:: Work required ::
Among the entries below, one stretch runs from the line that contains "adobexd app design" through the line that contains "Man having fun". Repeat that stretch exactly, ends included, and only that.

:: Excerpted data ::
┌──
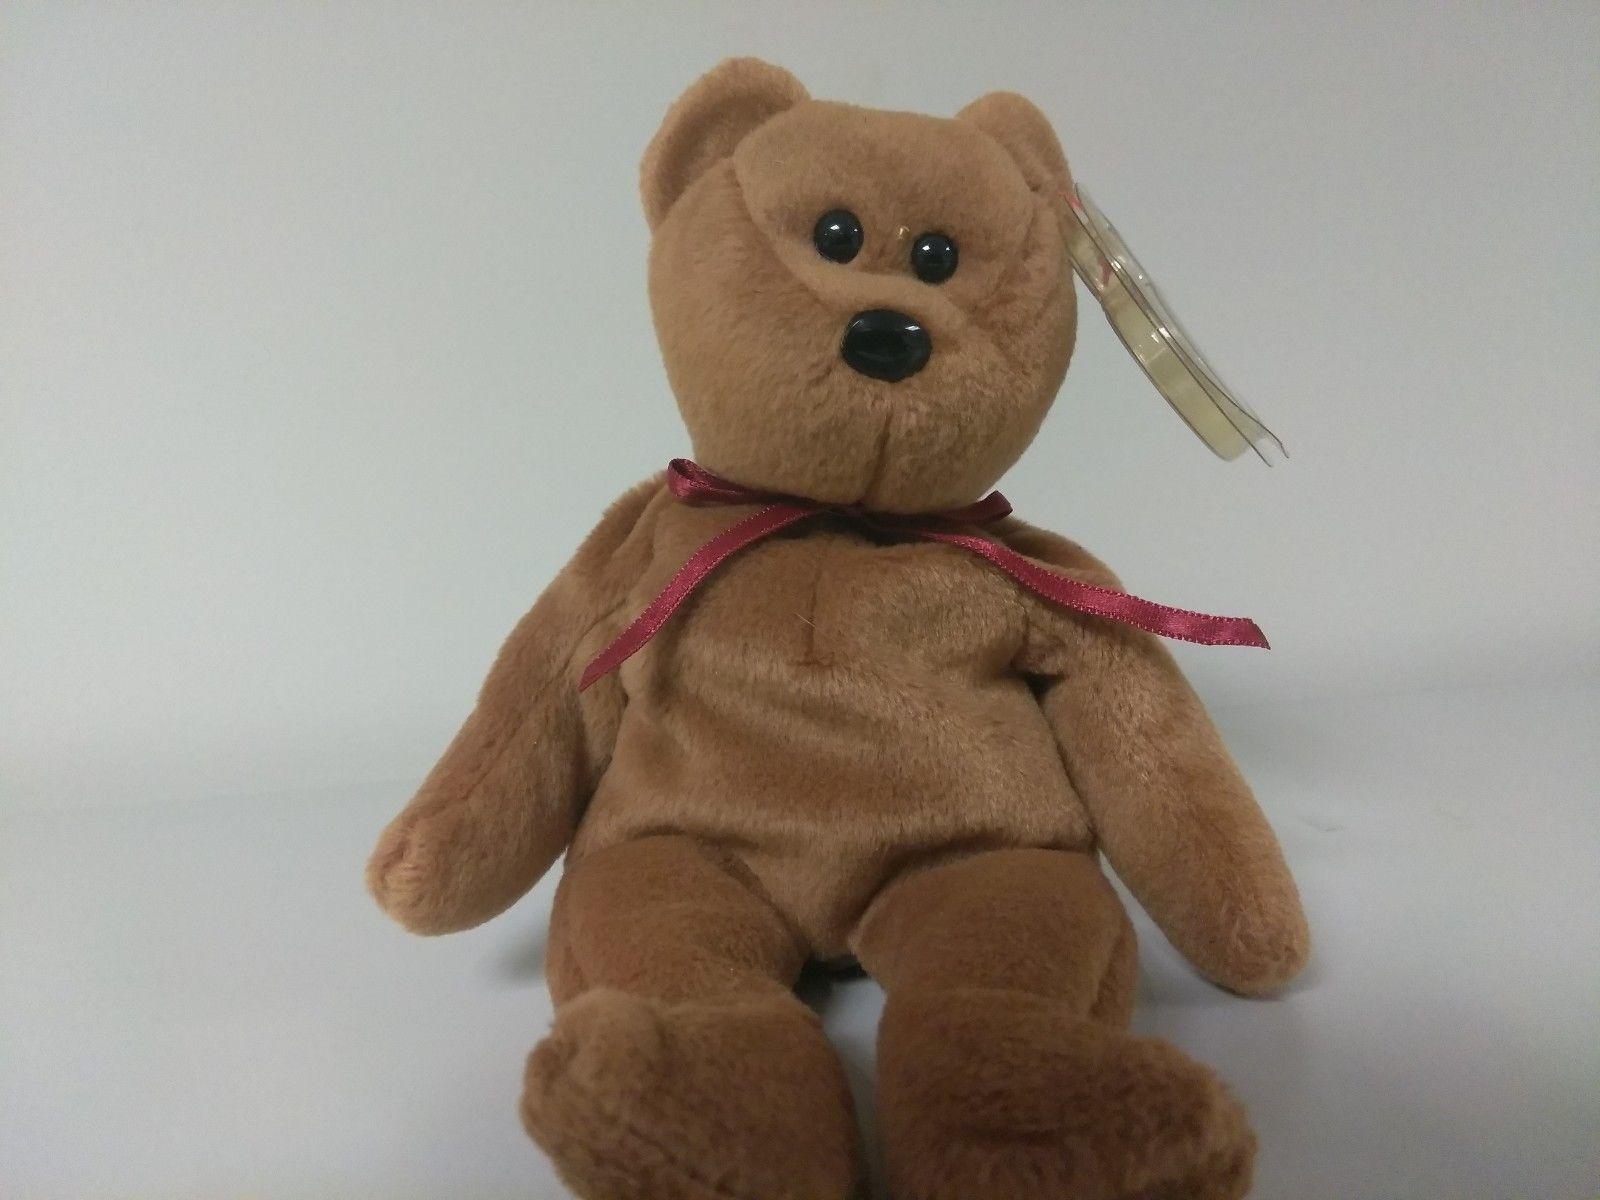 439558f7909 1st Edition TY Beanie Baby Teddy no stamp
└──
┌──
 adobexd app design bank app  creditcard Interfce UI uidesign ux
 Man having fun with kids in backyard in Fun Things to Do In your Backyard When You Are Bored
└──
:: Output of the exercise ::
 adobexd app design bank app  creditcard Interfce UI uidesign ux
 Man having fun with kids in backyard in Fun Things to Do In your Backyard When You Are Bored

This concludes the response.